31.07.2009 | aktual.: 31.07.2009 22:22
Przedstawiciel Rady Bezpieczeństwa Kirgistanu, Adachan Madumarow, powiedział dziennikarzom, że podczas sobotniego spotkania przywódcy Kirgistanu i Rosji - Kurmanbek Bakijew i Dmitrij Miedwiediew - mają podpisać memorandum w kwestii bazy.
W Kirgistanie wojskową bazę lotniczą mają też Stany Zjednoczone. Utrzymały ją, mimo że władze Kirgistanu przez długi czas zapowiadały jej zamknięcie. Później jednak zmieniły zdanie.
Wg analityków, plany Moskwy są wyrazem rywalizacji z Waszyngtonem o kontrolę nad strategicznie ważnym regionem graniczącym z Afganistanem.

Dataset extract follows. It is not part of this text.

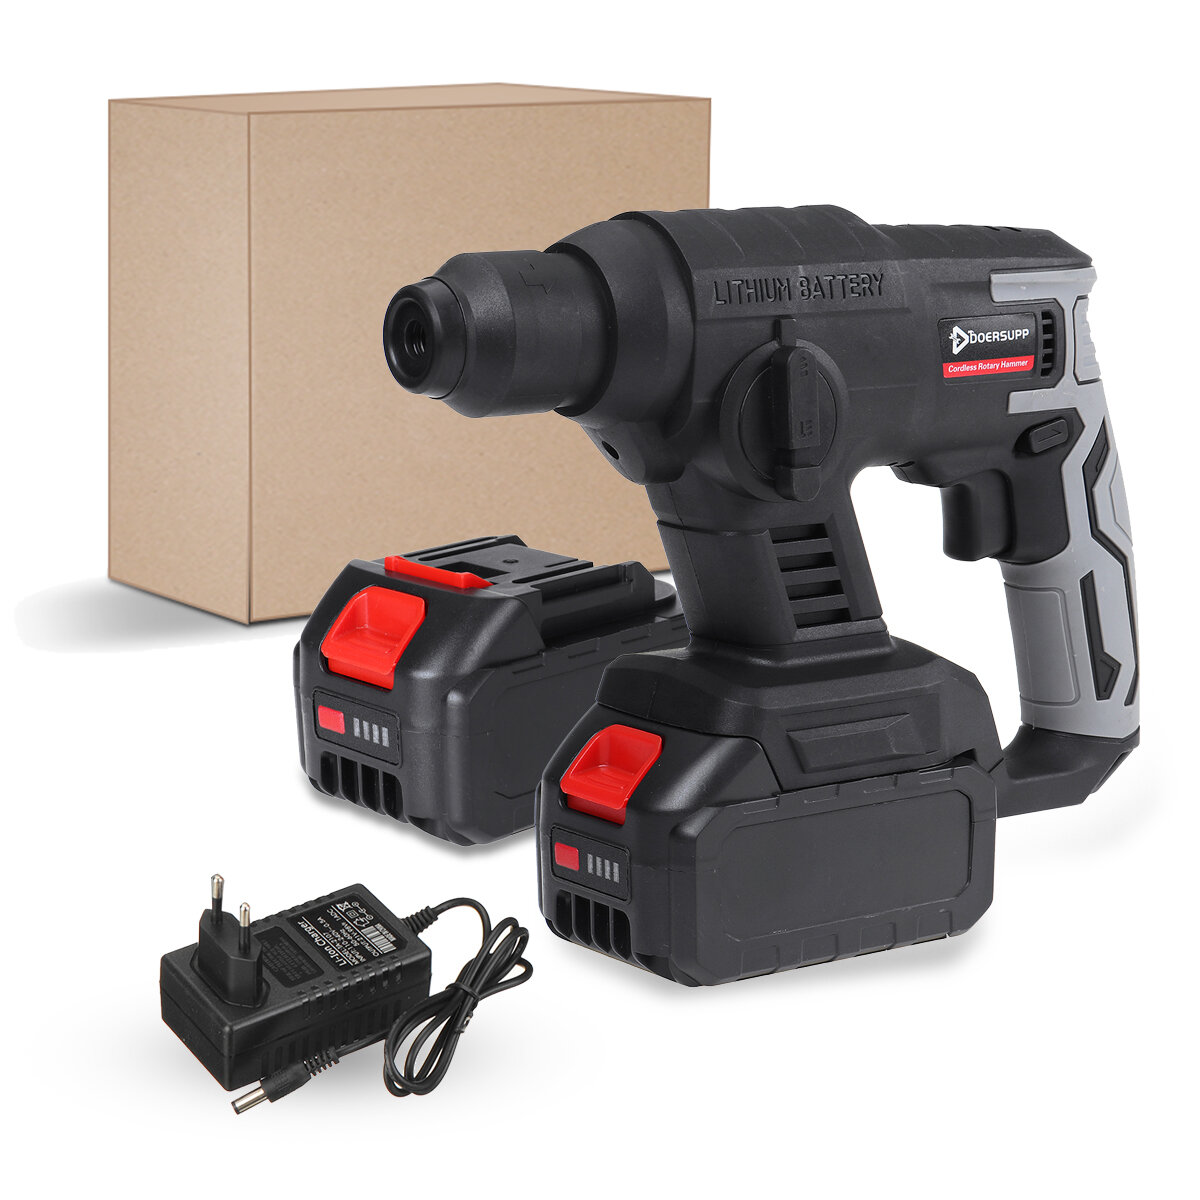 Doersupp Brushles Cordless Electric Rotary Hammer Drill Battery Indicator Rechargeable Impact Hammer Drill Tool W/ 1/2 B
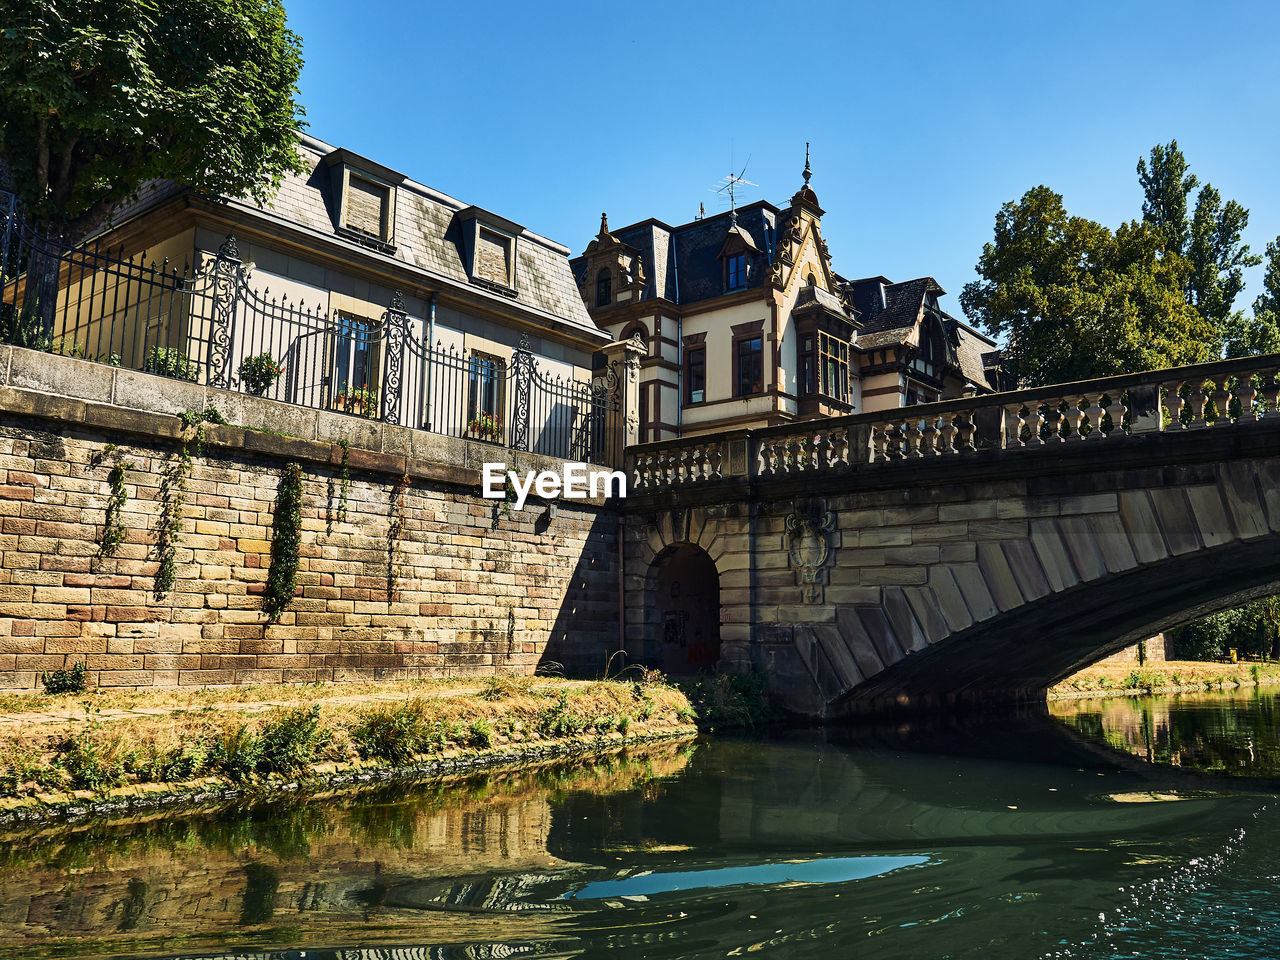 architecture, built structure, water, river, bridge, waterway, building exterior, nature, travel destinations, history, sky, the past, travel, city, landmark, tree, tourism, reflection, clear sky, building, plant, moat, château, transportation, no people, town, blue, waterfront, sunny, outdoors, arch, day, old, estate, arch bridge, medieval

Moskwa zapowiedziała, że planowana baza będzie działać w ramach Organizacji Układu o Zbiorowym Bezpieczeństwie (ros. ODKB). ODKB to organizacja wojskowa grupująca siedem państw poradzieckich, w której dominującą rolę odgrywa Rosja. Jej pozostali członkowie to Białoruś, Armenia, Kazachstan, Uzbekistan, Tadżykistan i Kirgistan.
W Kirgistanie, w Czolpon Acie nad jeziorem Issyk-kul, rozpoczął się szczyt przywódców państw wchodzących w skład ODKB. Agencja RIA-Nowosti pisze, cytując piątkowy dziennik "Kommiersant", że plany Moskwy, która chce przekształcić ODKB w rosyjski odpowiednik NATO, mogą się nie powieść z powodu sprzeciwu Mińska.
Agencja Associated Press przypomina, że Białoruś odmówiła na poprzednim szczycie ODKB w czerwcu podpisania forsowanego przez Moskwę porozumienia w sprawie budowy wspólnych sił szybkiego reagowania (ros. KSOR).
W ocenie rosyjskich analityków, utworzenie wspólnych sił szybkiego reagowania ODKB przekształci tę organizację w pełnowartościowy sojusz wojskowo-polityczny. Za najpoważniejsze wyzwanie dla tych sił analitycy uważają zaostrzającą się walkę o kontrolę nad nośnikami energii w basenie Morza Kaspijskiego i w Azji Środkowej.